● **Dataset excerpt**
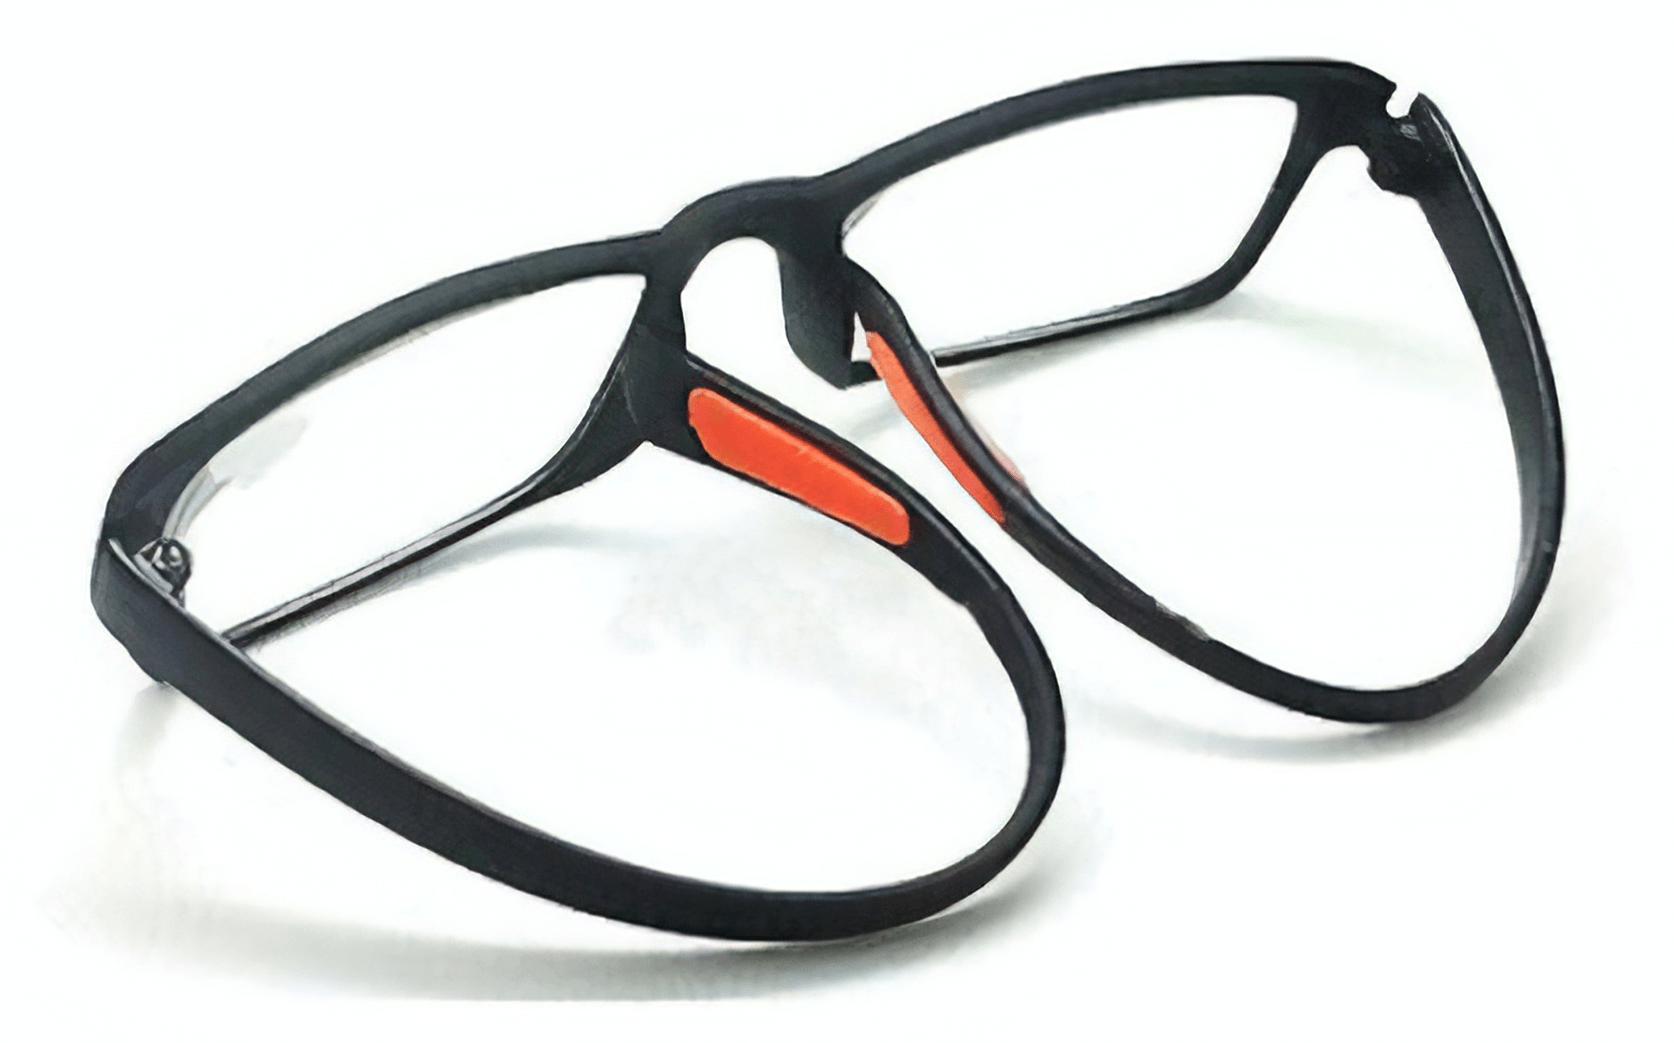 «Антивандальные» очки Unisex Reading Glasses, цена — 71 р.
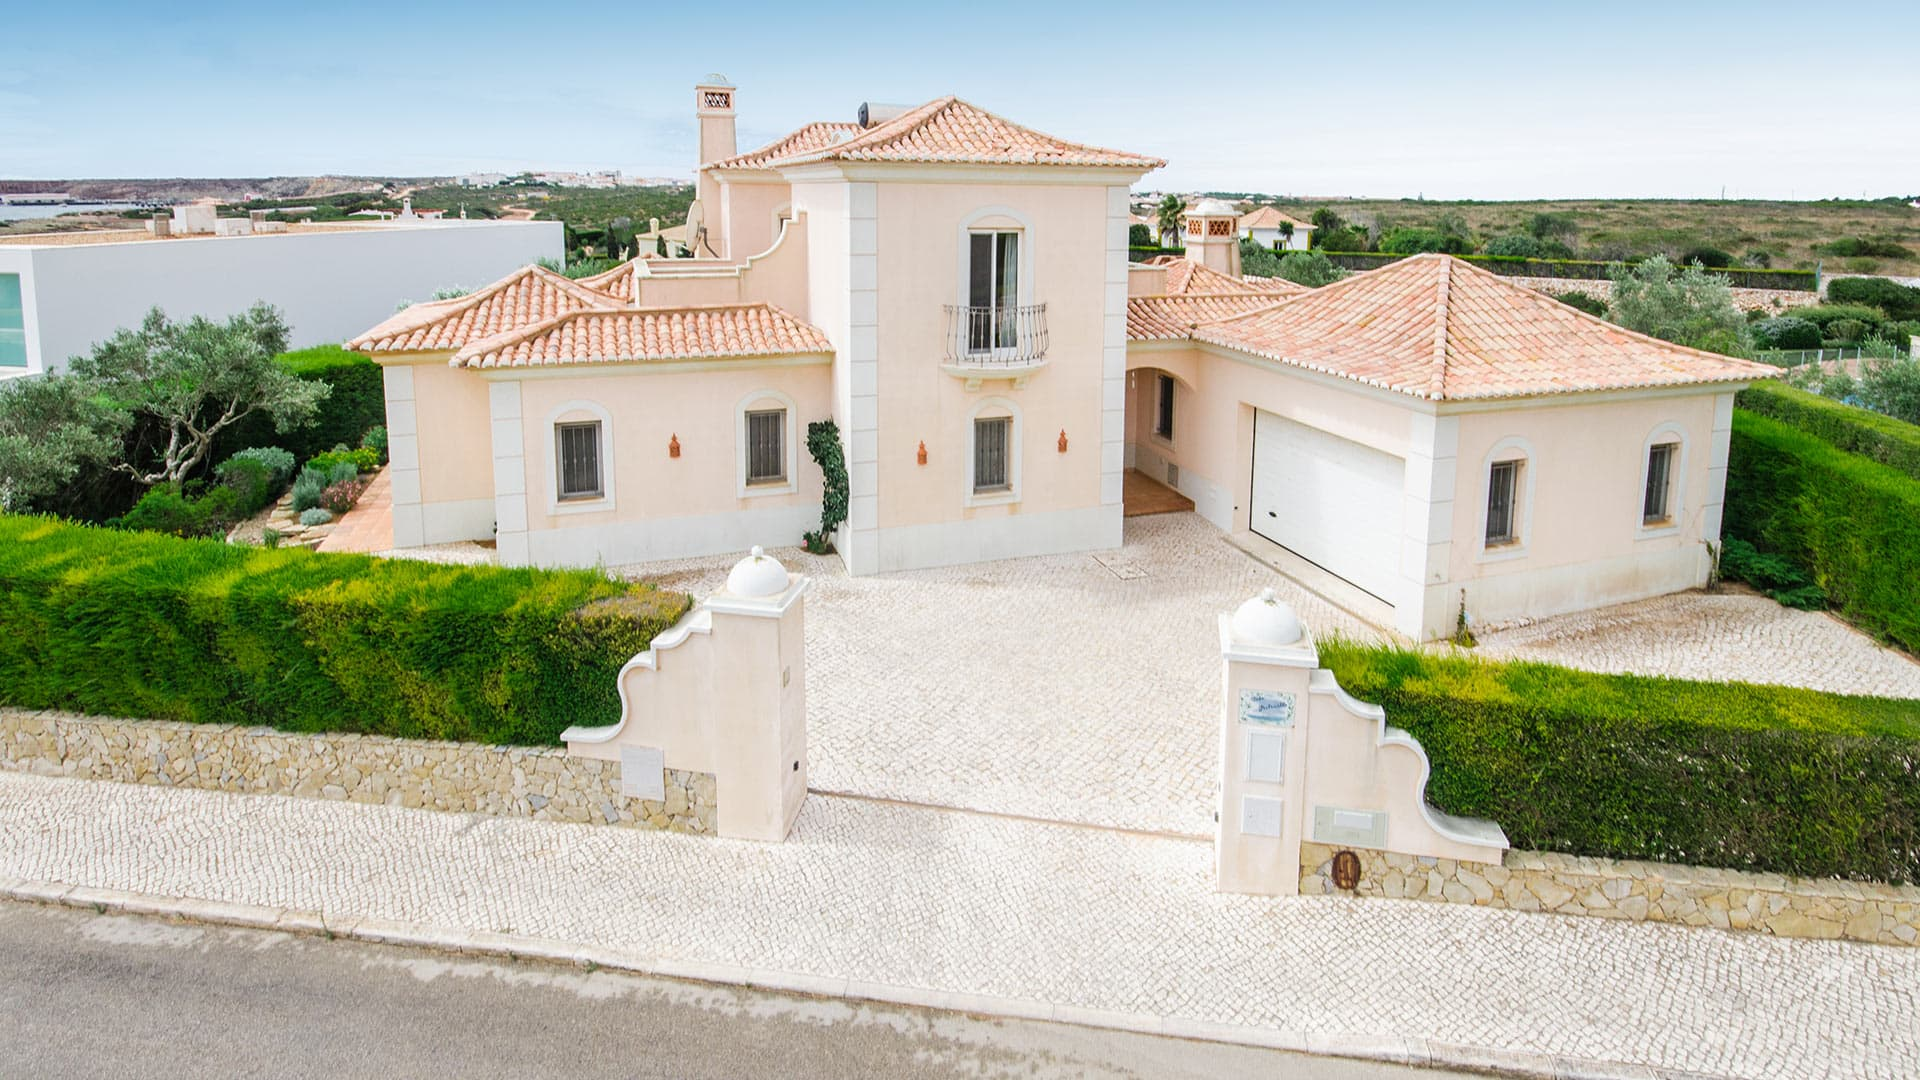 Villa Villa Orvalho, Rental in Algarve
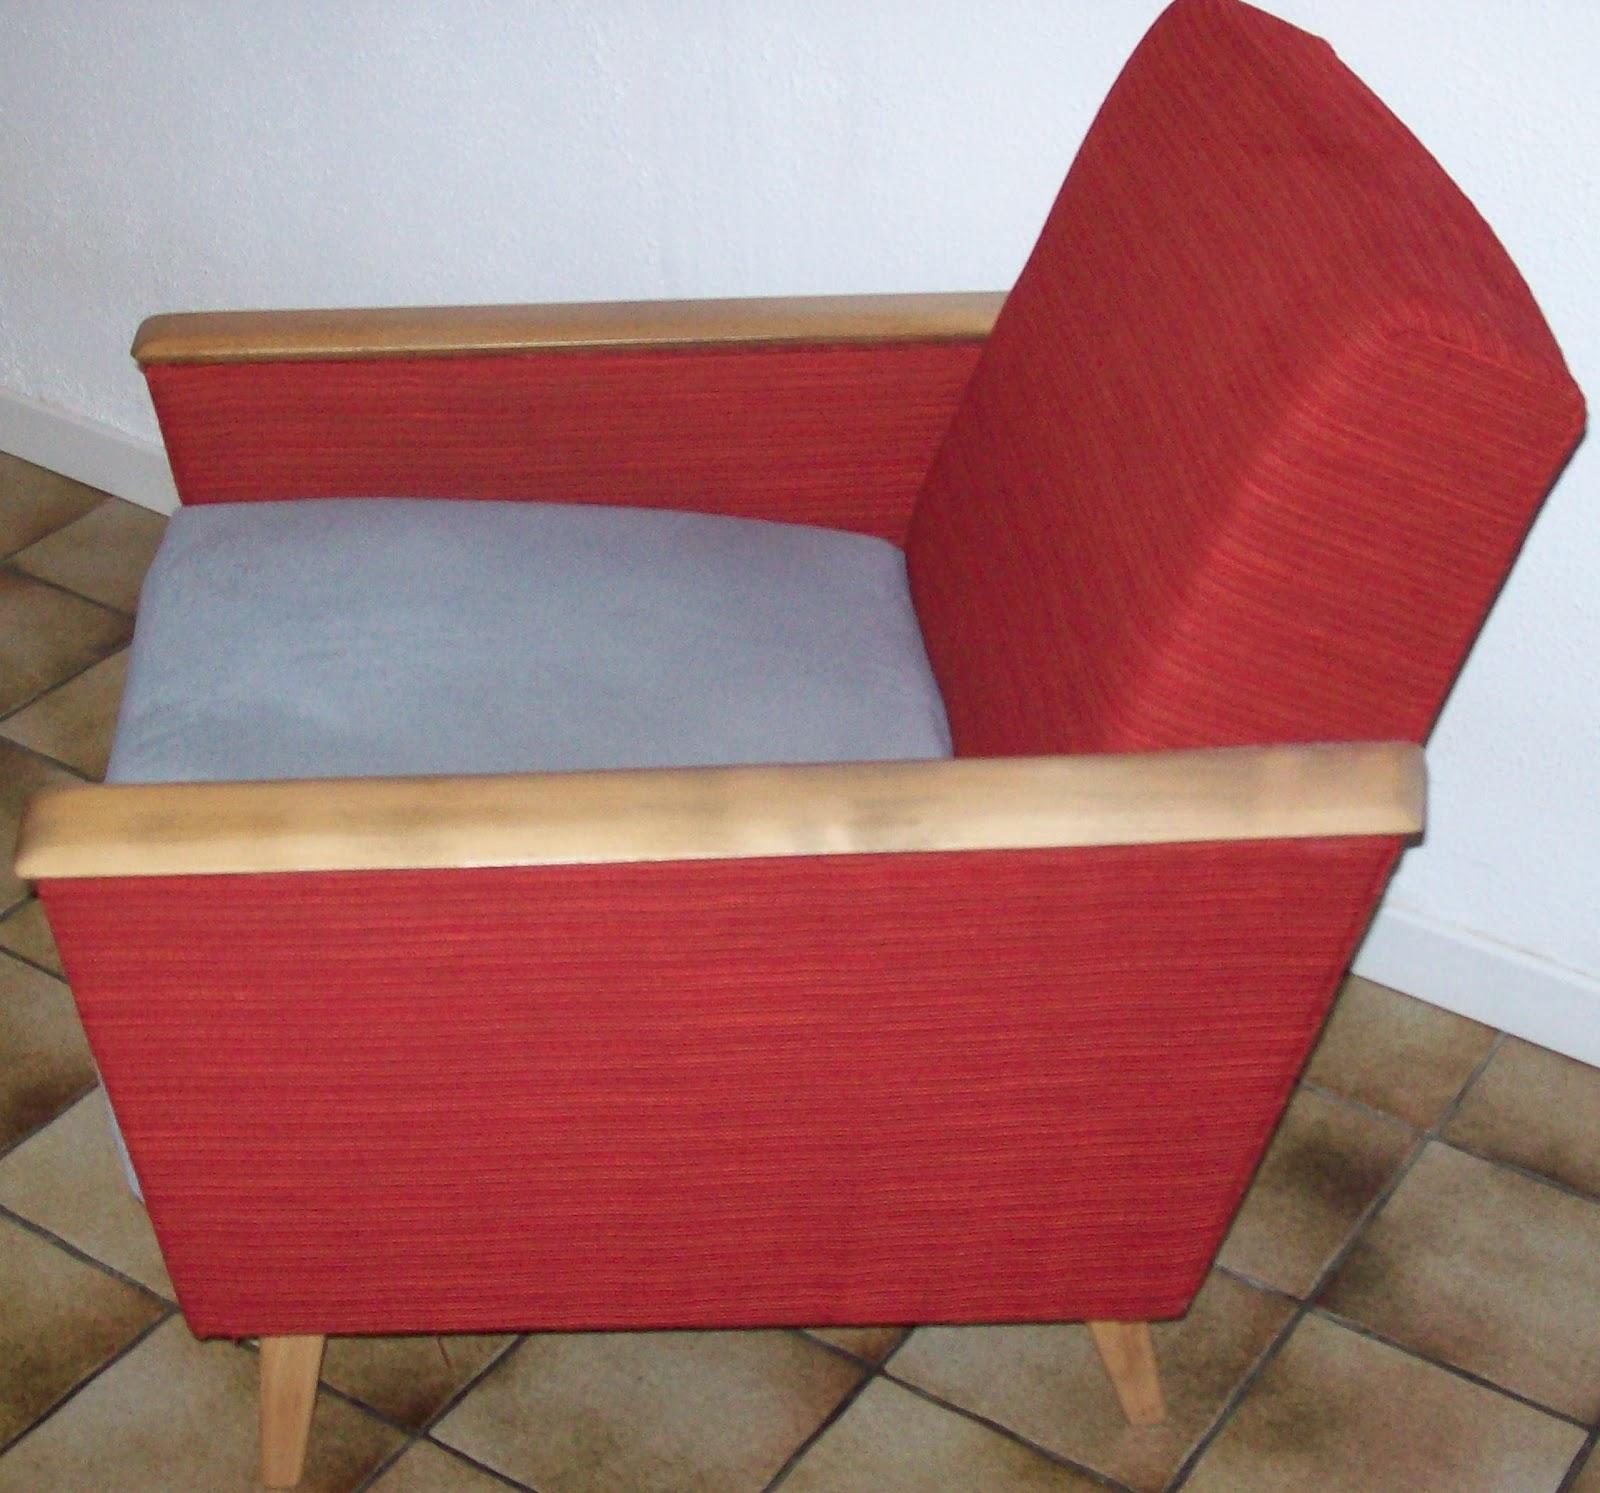 Bon coin fauteuil de salon - Cobinhood token price online
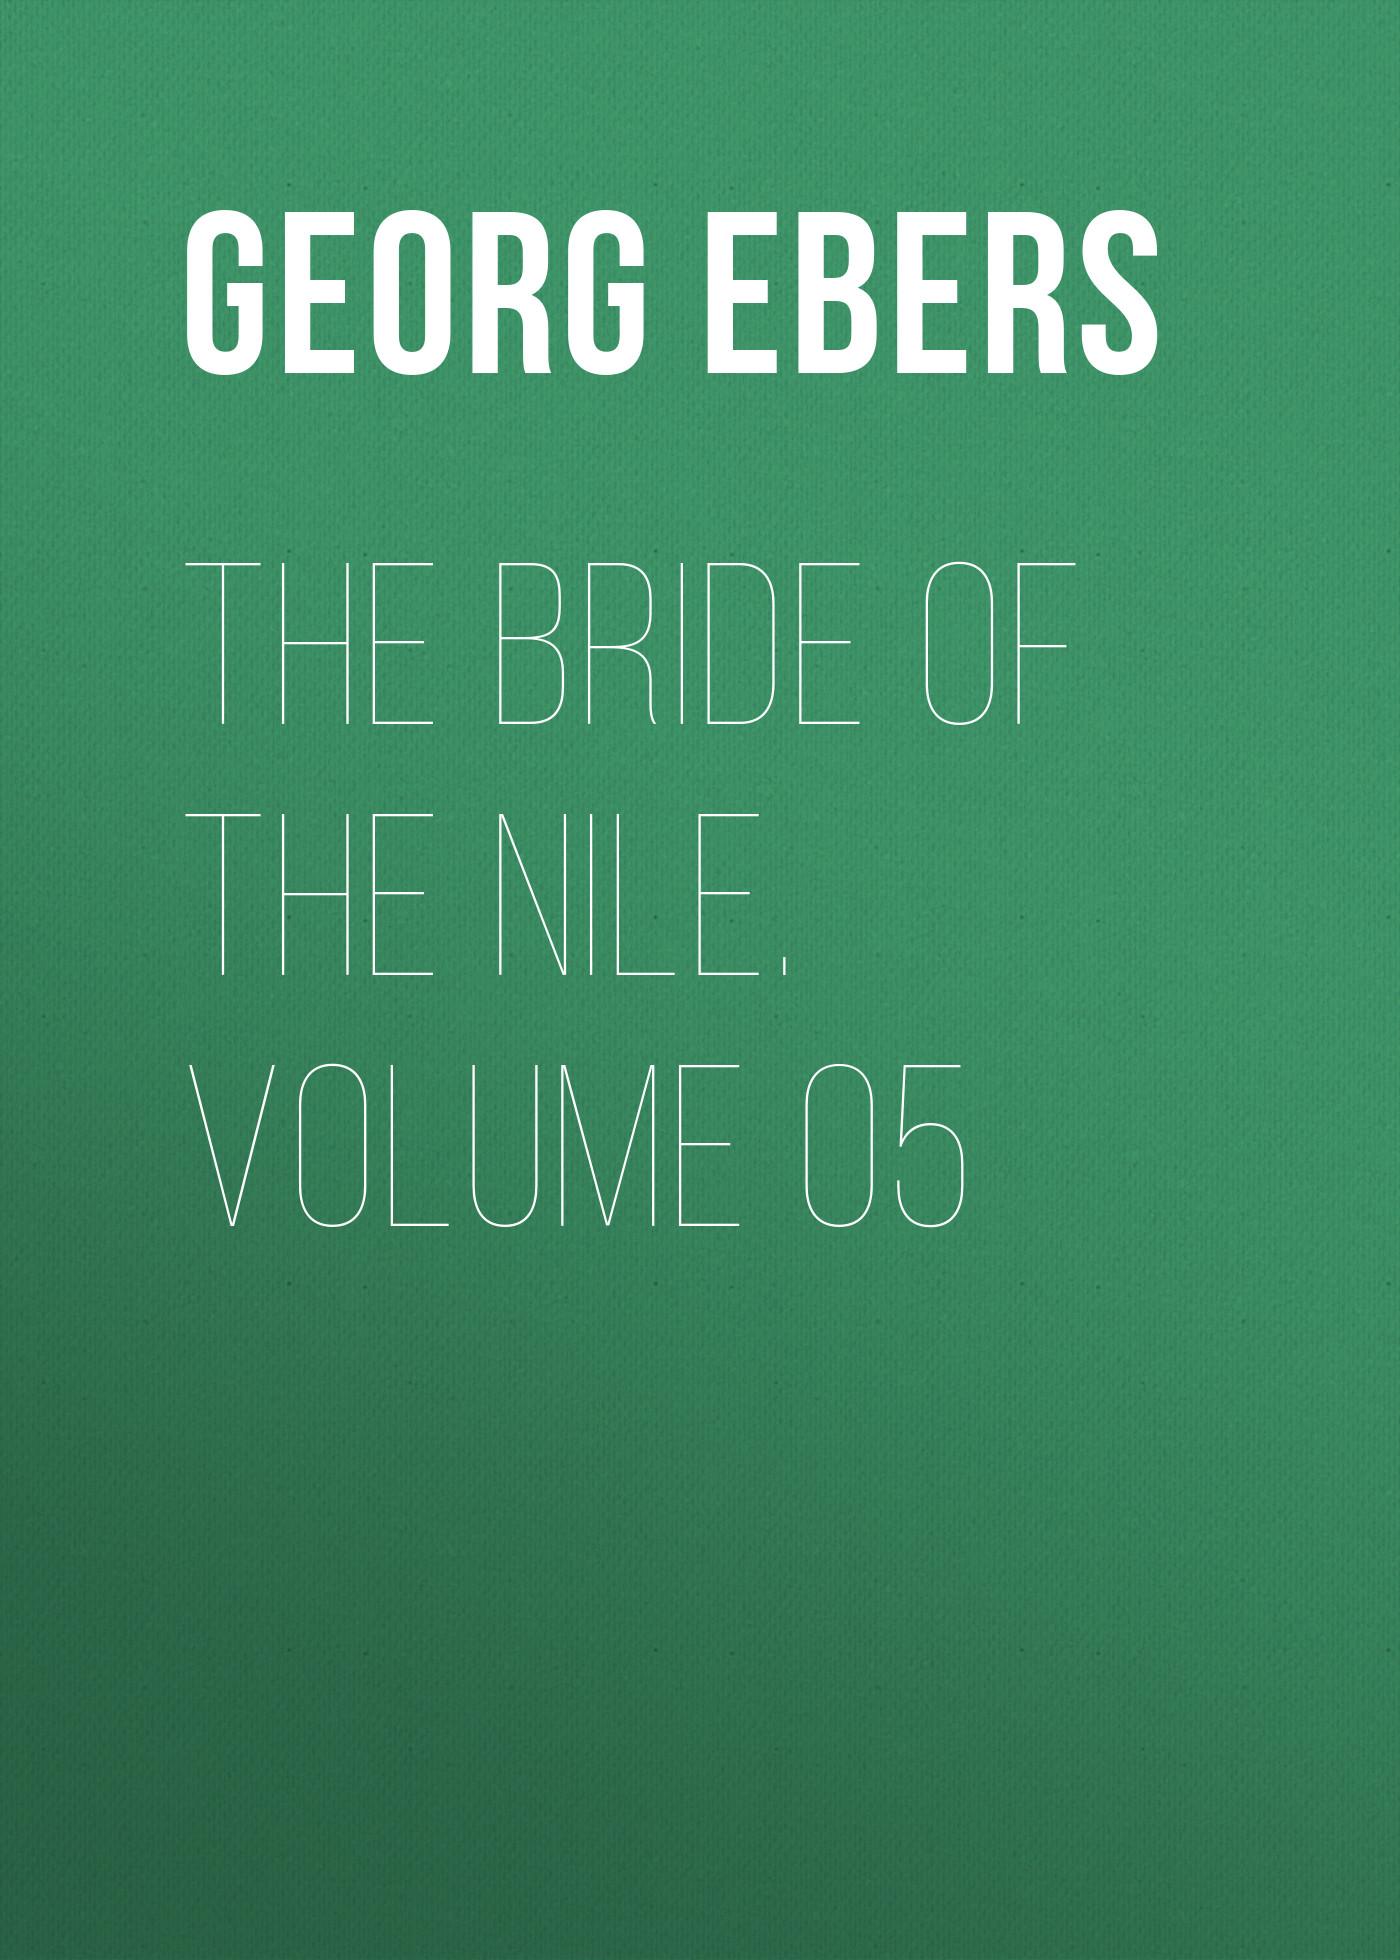 Georg Ebers The Bride of the Nile. Volume 05 gervinus georg gottfried the art of drinking

● **Your objective**
Starting with the line that holds "Villa Villa Orvalho, Rental in Algarve", repeat exactly every line through the end of the material above, both ends included, without the pictures.

● **Answer below**
 Villa Villa Orvalho, Rental in Algarve
 Bon coin fauteuil de salon - Cobinhood token price online
 Georg Ebers The Bride of the Nile. Volume 05 gervinus georg gottfried the art of drinking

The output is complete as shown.